Failure Modes / Tools / Wrong Tool Selection

Wrong Tool Selection

Chooses a tool that is inappropriate for the user's goal, data type, risk level, environment, or required operation. Unlike Missing Tool Invocation, the system does use a tool but selects the wrong one. Unlike Unsafe Tool Call, the tool may be merely ineffective rather than risky.

Examples

FAIL

Name echo beats semantics

The question is about an internal policy, but "search" in the request pattern-matches to web search, which can't possibly contain the answer.

System: Tools available: search_web (public internet), search_docs (company knowledge base). User: Can you search for our parental leave policy? Tool: search_web("parental leave policy") → generic articles about statutory leave law Assistant: Based on what I found, parental leave is typically 12 weeks unpaid under FMLA…
WARN

Works, but the wrong instrument

The task completes, but through a heavyweight tool whose scope and side effects don't fit a single-record question.

User: What's the status of order #88213? Tool: export_all_orders(format=csv) → 1.2 GB export job queued, ETA 25 minutes Assistant: I've started a full export of all orders — once it finishes in about 25 minutes, I'll find #88213 for you.
PASS

Selection reasoned from the goal

The model matches the request to the tool whose scope actually fits — internal question, internal source.

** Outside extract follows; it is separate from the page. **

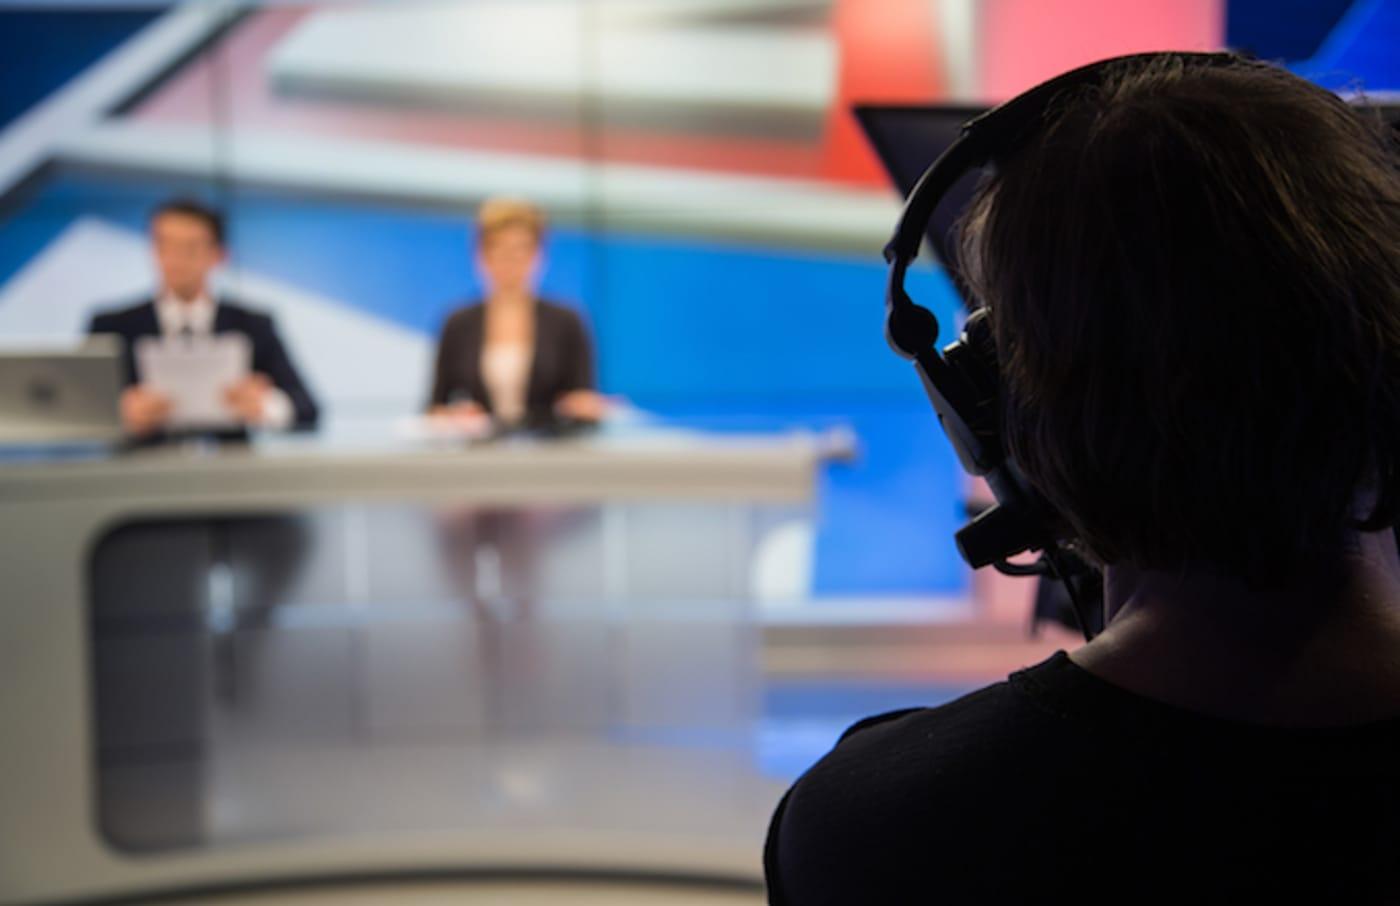 Cameraman filming news in television studio.

System: Tools available: search_web (public internet), search_docs (company knowledge base). User: Can you search for our parental leave policy? Tool: search_docs("parental leave policy") → HR-policies/leave.md Assistant: From the company handbook: 16 weeks paid leave for all new parents, available after 6 months of employment.

Why it happens

01

Tool selection rests entirely on natural-language names and descriptions in the prompt. When descriptions are vague, overlapping, or inconsistent across tools, the model has little signal to separate near-duplicates (Qin et al., 2023, "ToolLLM: Facilitating Large Language Models to Master 16000+ Real-world APIs").

02

The model pattern-matches surface features of the request to tool names rather than reasoning about preconditions, data types, or risk level. A tool whose name echoes the user's wording wins even when its semantics do not fit.

03

Selection accuracy degrades as the tool catalog grows. Each added tool dilutes attention over the candidate set and increases the chance of confusable pairs, a pattern visible in function-calling benchmarks (Yan et al., 2024, Berkeley Function Calling Leaderboard).

04

Function-calling fine-tuning data is largely synthetic, with one clean, obviously correct tool per request. Real deployments offer overlapping tools with subtle tradeoffs that the training distribution never taught the model to weigh.

05

Decoding commits early. Once the model begins emitting a tool call, there is no built-in reconsideration step, so an initial wrong guess is carried through rather than revisited.

06

Evaluations usually score whether the task eventually completed, not whether the most appropriate tool was chosen, so inefficient or ill-fitting selections go unpenalized.

Detection Approaches

Categories of checks that can identify the issue. These are strategies, not specific implementations.

⚖️

LLM-as-judge evaluation

Give the judge the full tool catalog with descriptions and ask whether the chosen tool's scope fits the request — an internal question routed to web search, or a bulk export answering a single-record lookup. Fit has to be judged against the alternatives available, because the wrong tool can still produce a fluent, confident answer.

🎲

Self-consistency sampling

Sample the tool choice several times at nonzero temperature. Requests that split across tools — sometimes search_web, sometimes search_docs — mark confusable pairs in the catalog and ambiguous request phrasings, before any single wrong selection ships.

🧪

Golden-set evals

Build requests with a known correct tool among plausible distractors, weighting cases where the surface wording echoes the wrong tool's name, and score the selection itself. Scoring only task completion lets pattern-matched selections pass whenever the wrong tool muddles through.

Mitigation Approaches

High-level reliability strategies that reduce how often this failure occurs.

🗂️

Tool catalog curation

Make the catalog do the disambiguation — distinct names that don't echo each other, descriptions that state scope and the cases the tool is wrong for ("public internet only; never contains company policy"), and near-duplicate tools merged or removed. Selection rests entirely on these descriptions, and accuracy degrades with every confusable pair the catalog carries.

📝

Instruction constraints

Require a one-line selection rationale before the call — what the request needs, which tool's scope provides it — rather than letting a name echo decide. "Search" pattern-matching to search_web is exactly the reflex a stated reason interrupts, because the rationale has to mention that the parental leave policy is internal.

Self-check pass

Add a reconsideration step before the call executes, weighted toward heavyweight and side-effecting tools — is there a narrower instrument for this, and does the cost fit the question. Decoding commits to a tool in the first tokens of the call; the 1.2 GB export answering a single-record lookup survives only because nothing asked that question before dispatch.